If people who have them think they look nice, more power to them... (I still think they look heavy - which they are.) If Campag were going to copy the Dura-Ace AX brakes they might at least have copied the mechanism so that they actually worked. It's amazing to me that there are fans for a product which is heavier, more complicated and does not work as well - in any way - as the one it was designed to replace, and which functioned perfectly well. I'm guessing all the Delta fans also own iPads and B&O hi fi systems... (And maybe Edsels.)


----------



## LigonierA1 (Aug 12, 2005)

Cobalt512 said:


> Ever hear the saying "function over form".


Blasphemy...these are Italian parts we're talking about. Do not bore me with "function" when the form is Delta....


----------



## ultimobici (Jul 16, 2005)

Simple evolution. As one poster mentioned, like dinosaurs they simply died out. What Campagnolo recognised was that they were simply too heavy, complex & awkward to adjust and had to go.

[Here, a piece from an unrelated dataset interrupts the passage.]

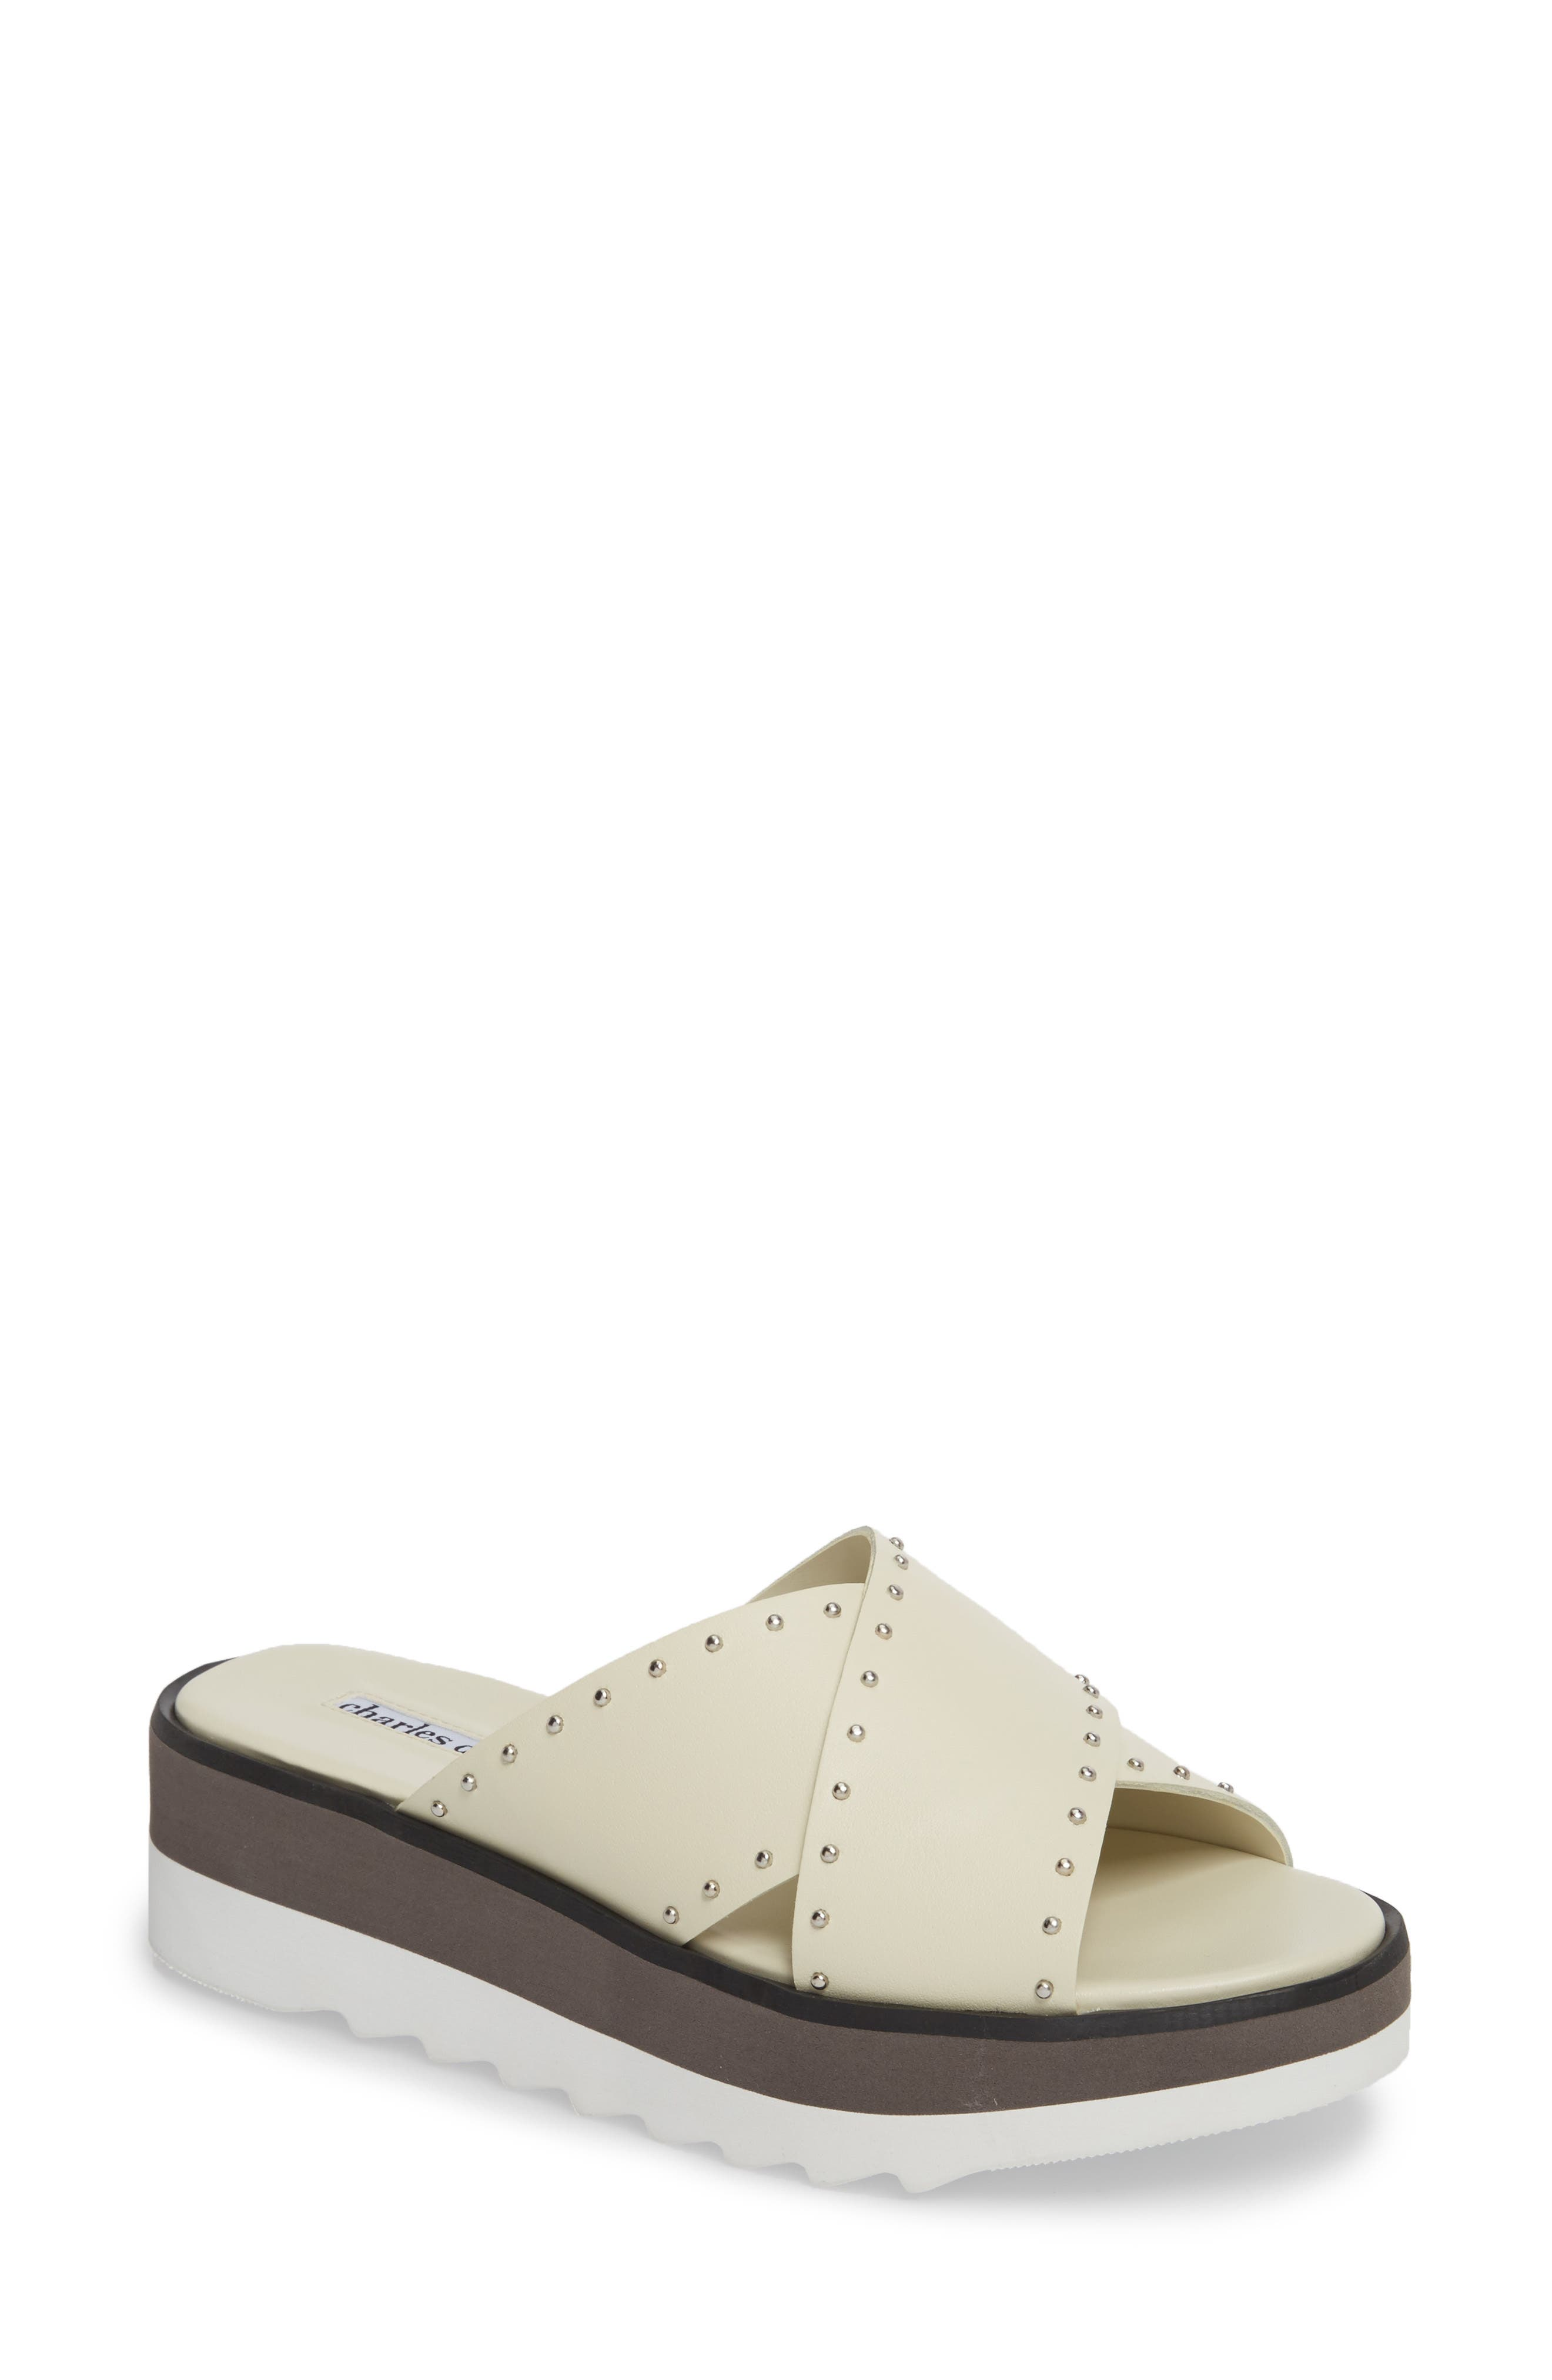 Buxom Sandal, Main, color, WHITE LEATHER

For years I thought my Dura Ace & then Sram brakes were the best set up. Campag felt less powerful in comparison. Until I tried a pair of old dual pivot front with single pivot rear silver Records on the Italian Riviera. Then I got it. The best modulation I'd ever encountered and really usable stopping power. No locking up just slowing down properly.


----------



## satanas (Nov 8, 2002)

^ Exactly. Dura-Ace 7800 dual pivot brakes can sometimes be too powerful and/or grabby, especially on rough surfaces, or when sudden braking is needed - and they claim the 7900 is "more powerful." (Why?) No real advantage to a dual pivot rear, but I guess people kept asking so Campag have now made them an option. <sigh>


----------